タトゥーを入れている女性も多い
 夏になると、人々は薄着になる。人々が薄着になると、嫌でも目につくようになるのがタトゥーだ。ブラジルにおいてタトゥーは日本でいう“刺青”のような凶悪なイメージよりもファッションとしての見方のほうが強いようである。とはいえ自由奔放のブラジル社会においても目立ったタトゥーをいれている人は企業で就職できないというようなことも現実にはあるそうだ。以前、タトゥー持ちの人に対する雇用差別を禁止する法案を下院に提出した議員がいたが、偏見がなければこんな法案が生まれるはずがない。タトゥーだらけの人に対して「あの人、見た感じなんかヤバそうじゃない?」という先入観は南米の大国にですら存在するのだ。
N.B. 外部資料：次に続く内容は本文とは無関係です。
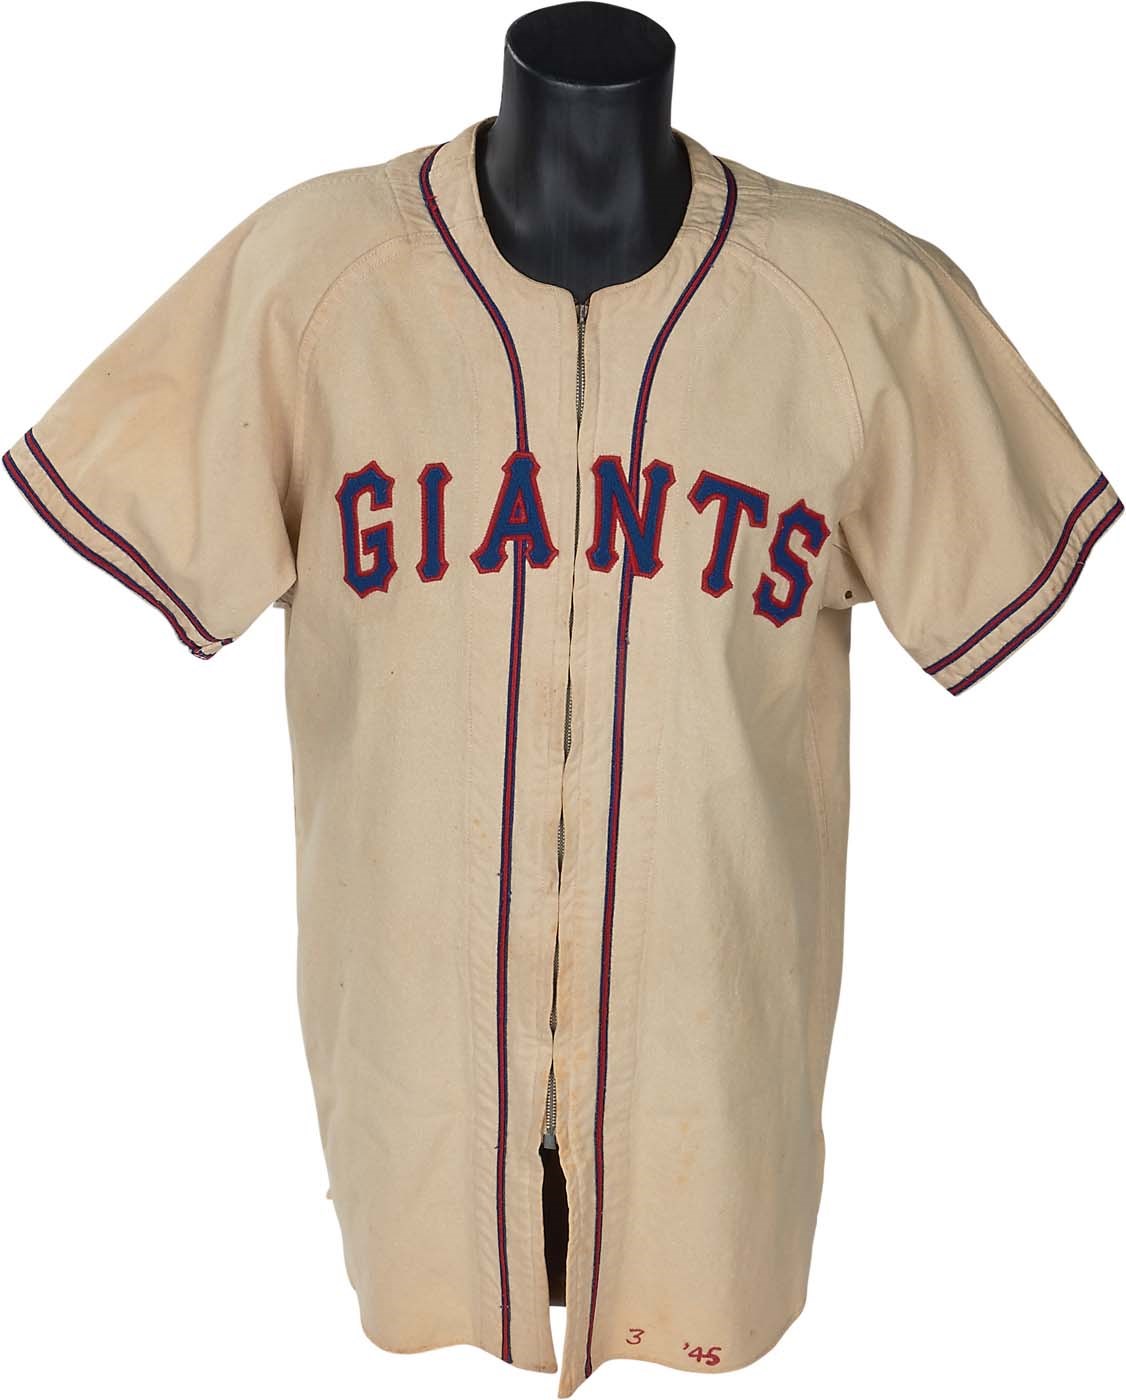 Baseball Equipment - 1945 Mel Ott New York Giants Game Worn Jersey (MEARS 8.5) - 50/50 Chance It Is His 500 Home Run Jersey
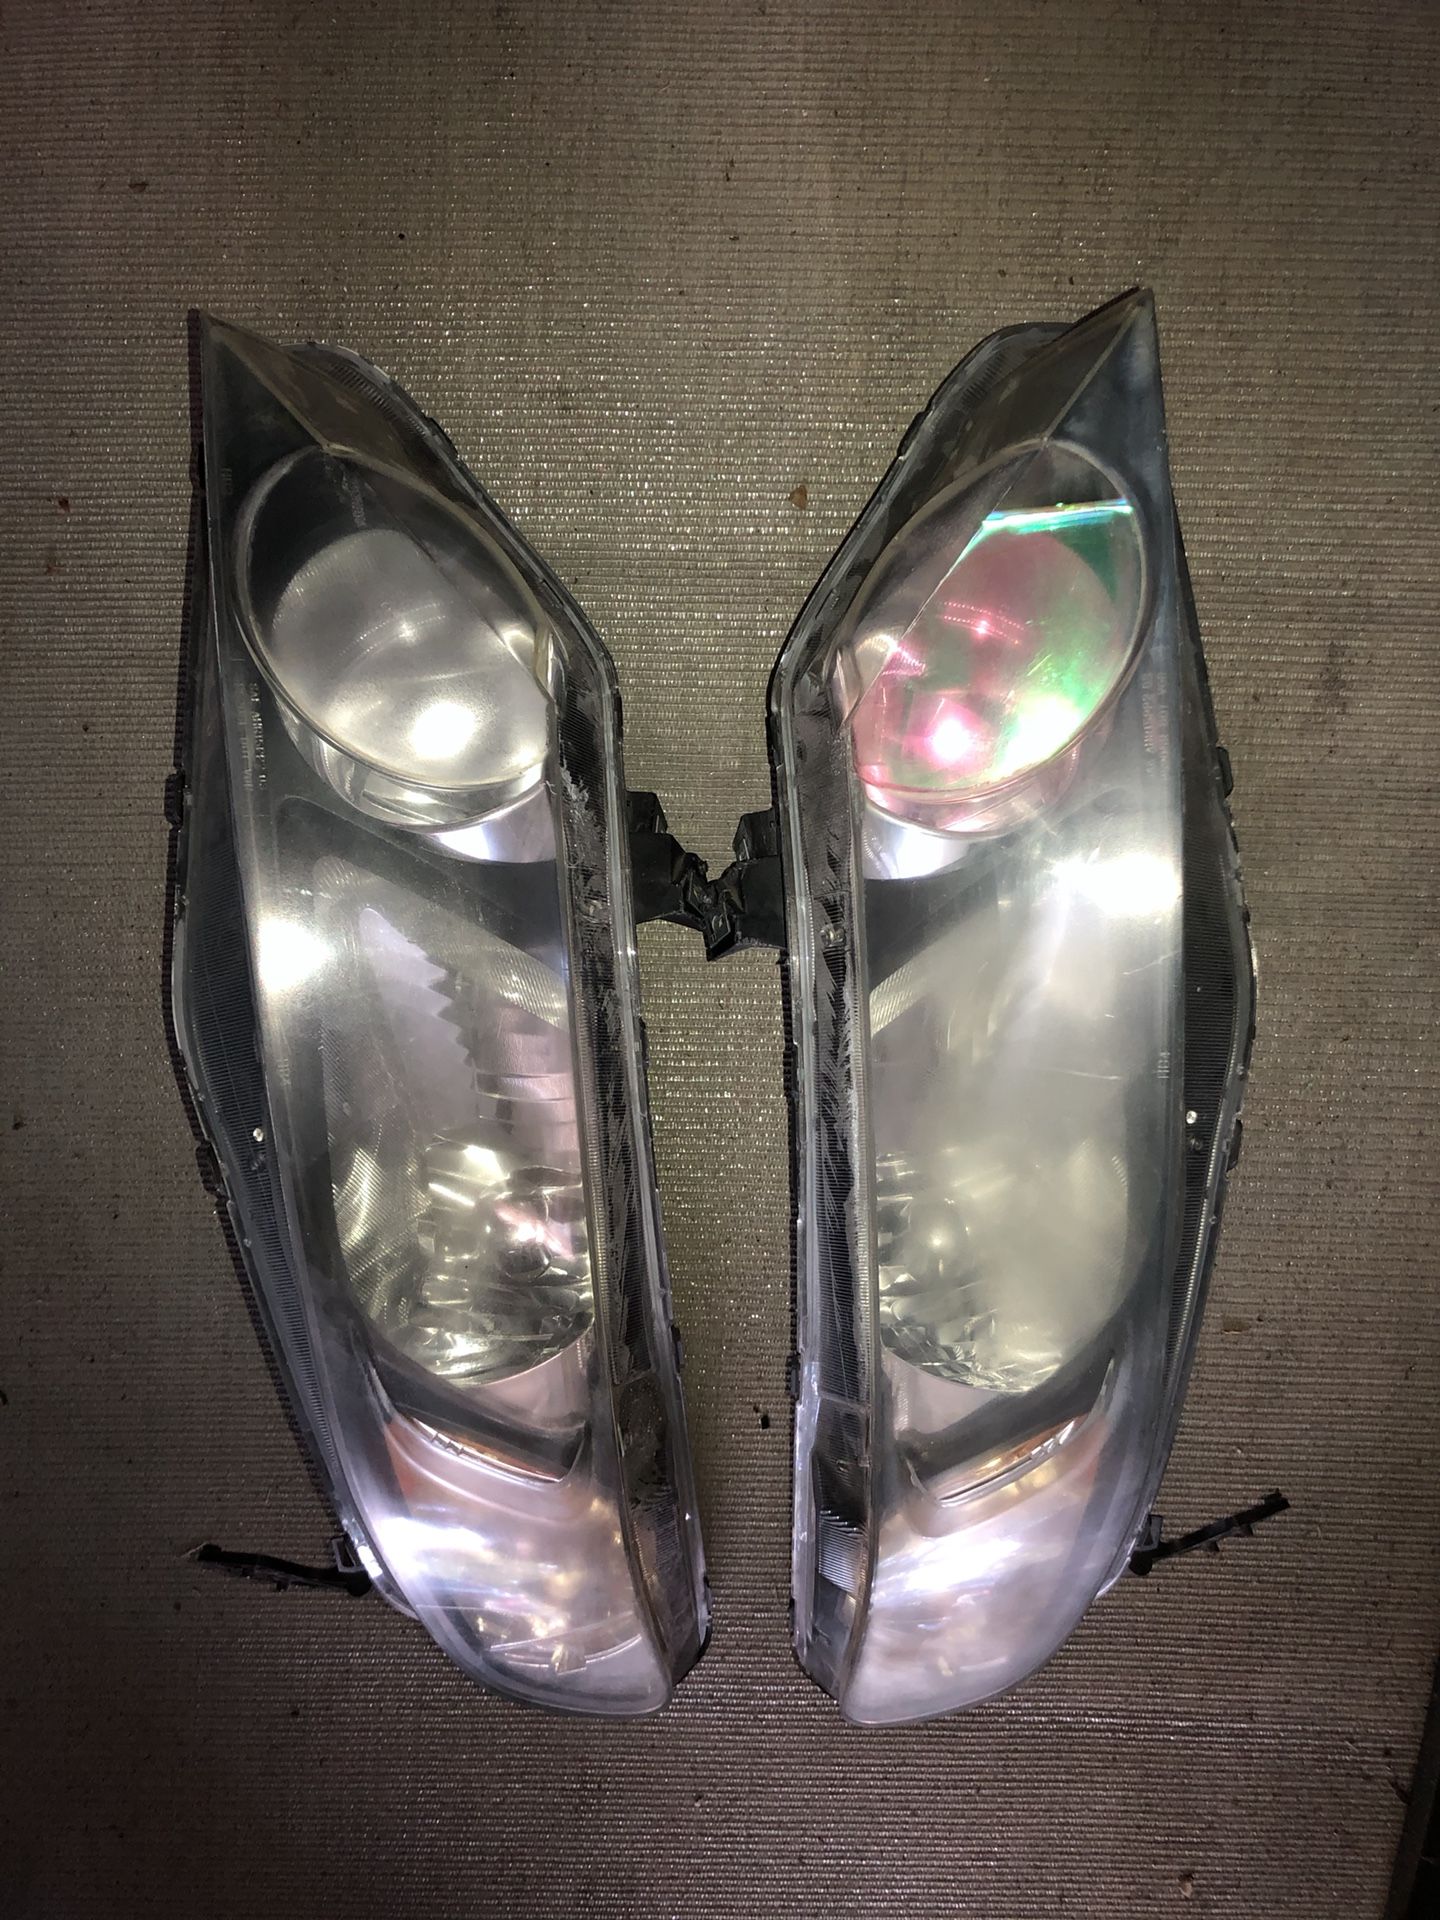 06-11 Civic headlights

 その一方で「せっかく親にもらった大事な体を傷つけるなんて」という、お母さんごめんなさい的な感覚はブラジル人にはあまりなさそうだ。男は腕に竜などを入れてワイルドさをアピールし、女は肩に蝶々などを描いてセクシーさを演出する。彼らには恥じらいや後ろめたさは見受けられない。ただもう無性に誰かに見せびらかしたくて仕方がないといった感じだ。

 タトゥーにも色々な種類があるが日本語のタトゥーをいれている人も少なくない。そんなところからもブラジルにおける日本文化の定着度が伺える。漢字、カタカナ、ひらがな、もしくはそれらをミックスしてブラジル人はなんでもかんでも好きな文字を自分の体に刻んでしまう。ちょうど日本人が英単語を並べてかっこつけているのと同じように彼らにとって意味不明の日本語はなんだかとってもかっこいいらしい。日本語に加え意外に多いのが漫画やアニメのキャラクターで、見るからに悪そうな男の腕からポケモンの絵が見えたときは思わず吹きだしてしまった。